Nothing but the lines from the one containing "Ozone Lanpck Backpack for 17'' Laptop" through the last line of the material should appear in the answer, transcribed exactly, pictures excluded.

**DATA SHOWN**
=== Section Start ===

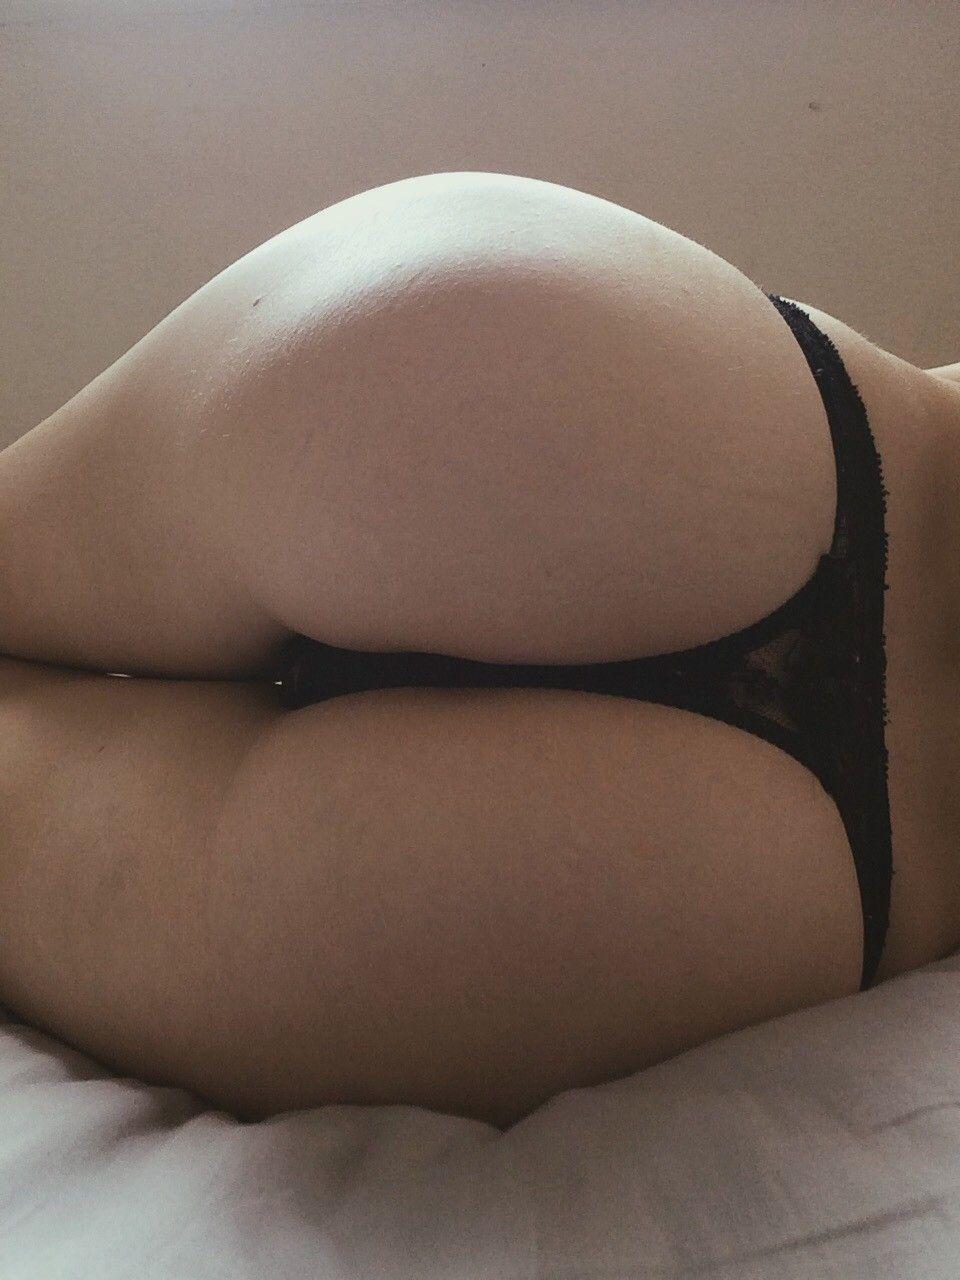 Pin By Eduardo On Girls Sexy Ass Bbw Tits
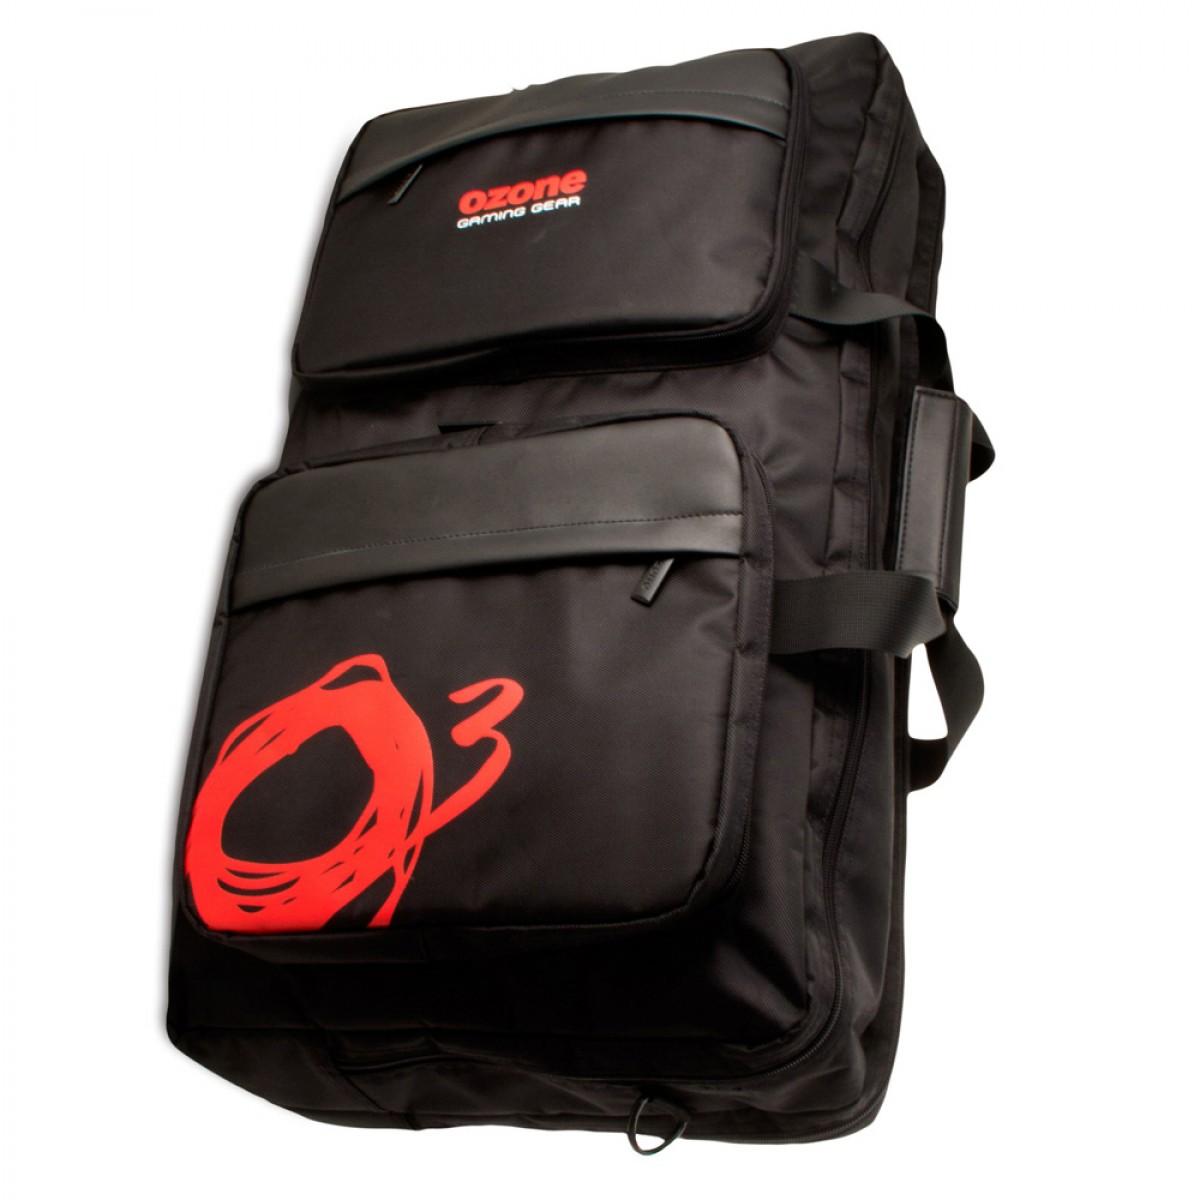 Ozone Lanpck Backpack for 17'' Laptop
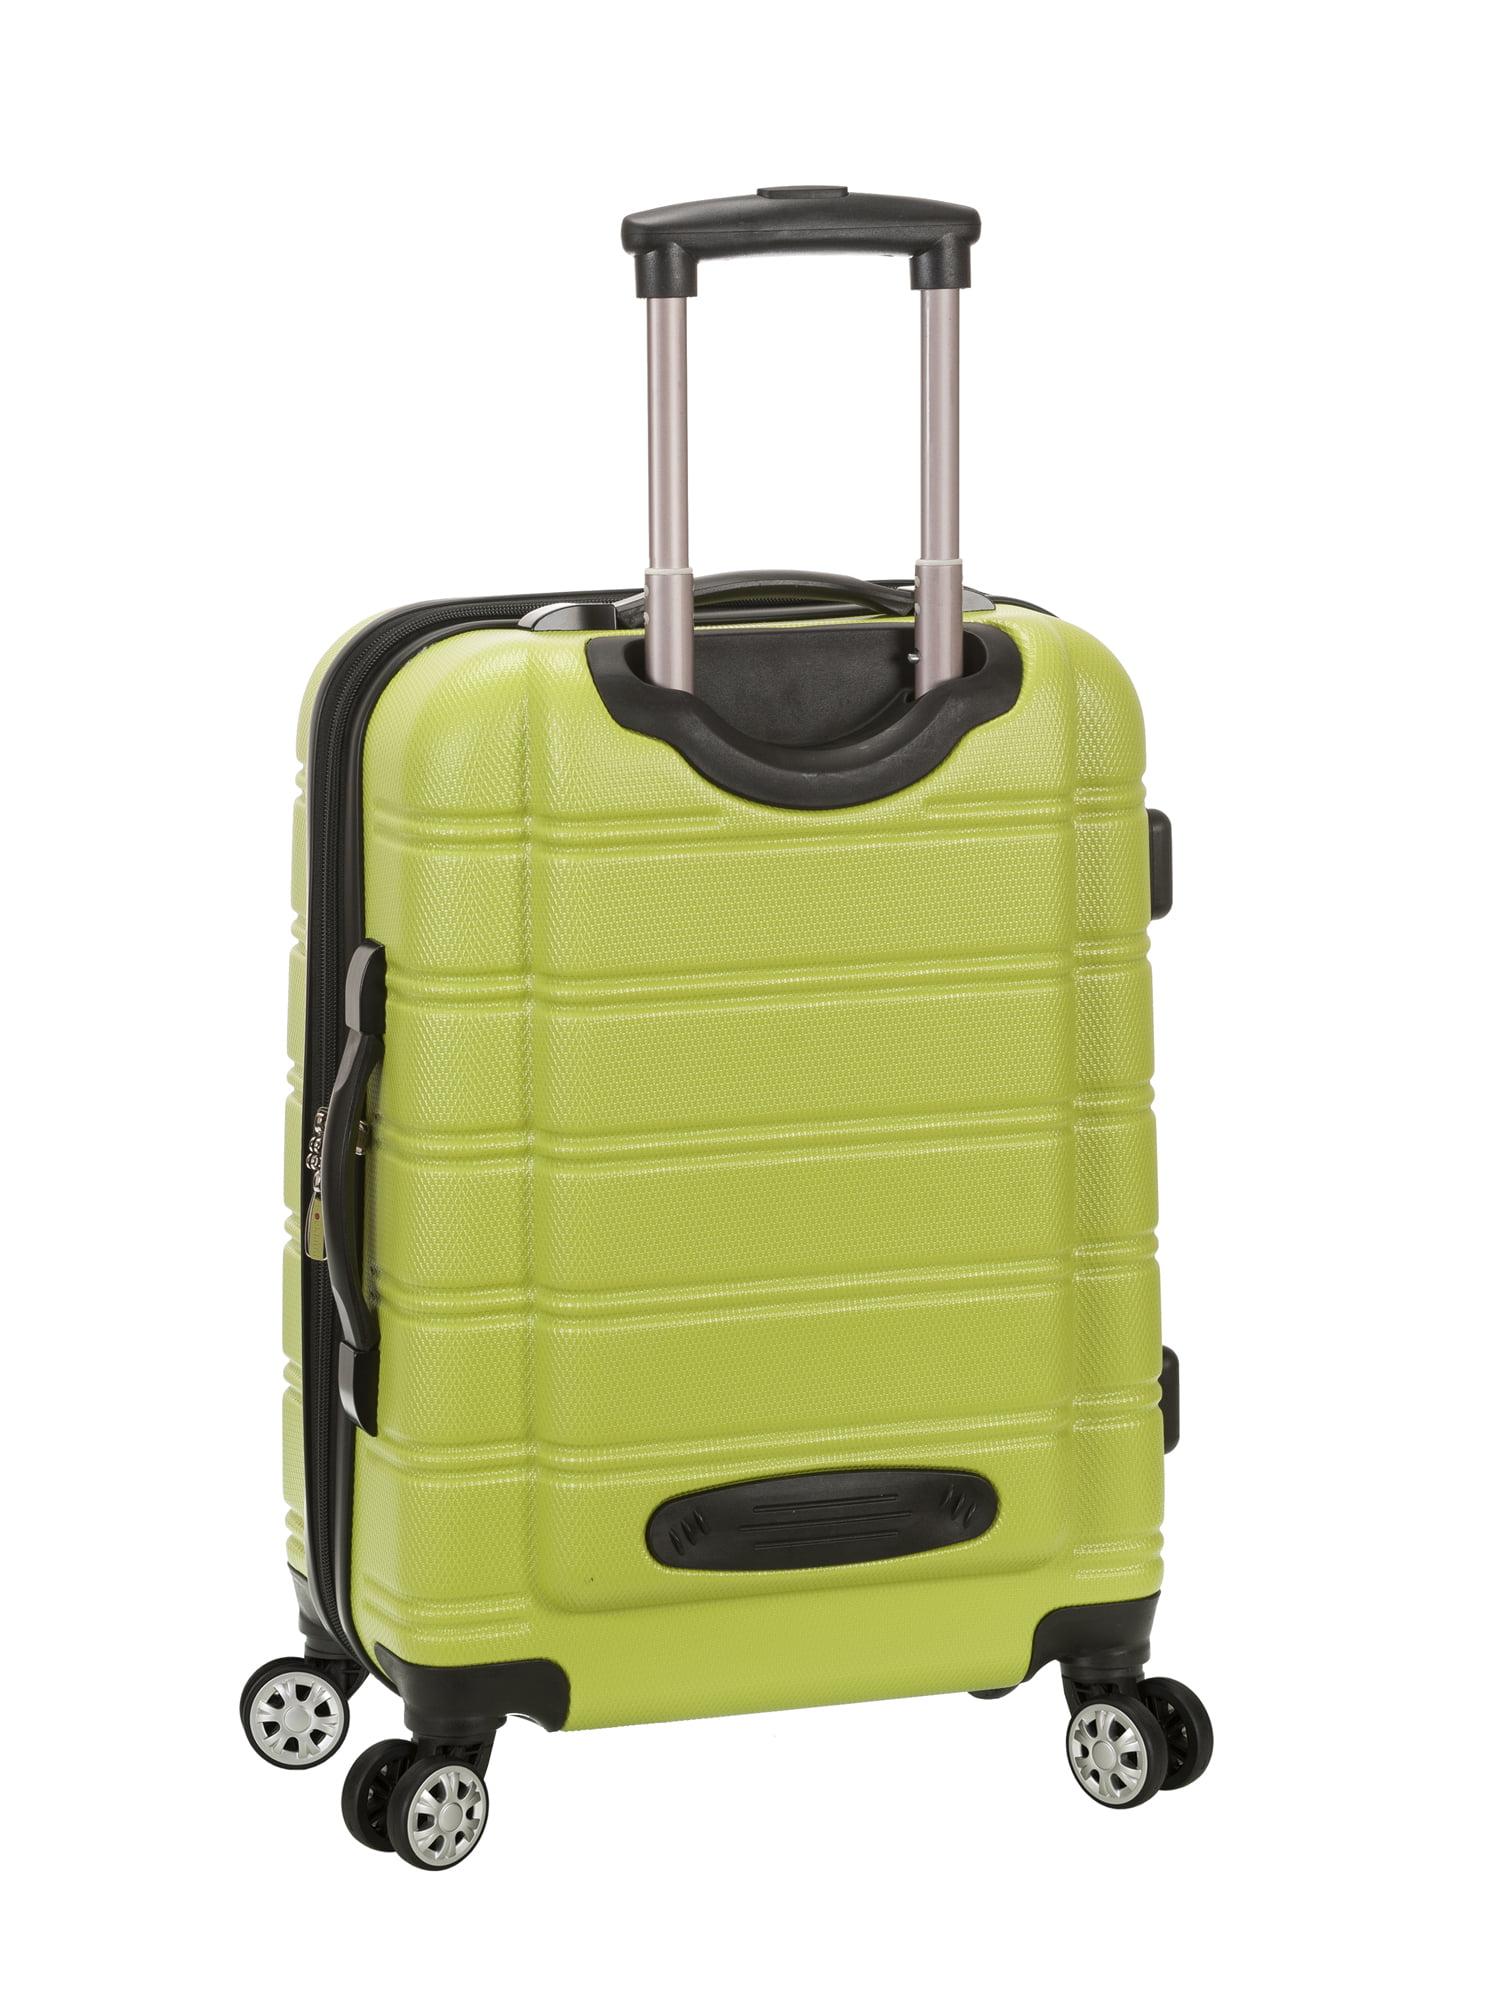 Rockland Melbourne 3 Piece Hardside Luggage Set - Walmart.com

=== Section End ===

**ANSWER BELOW**
 Ozone Lanpck Backpack for 17'' Laptop
 Rockland Melbourne 3 Piece Hardside Luggage Set - Walmart.com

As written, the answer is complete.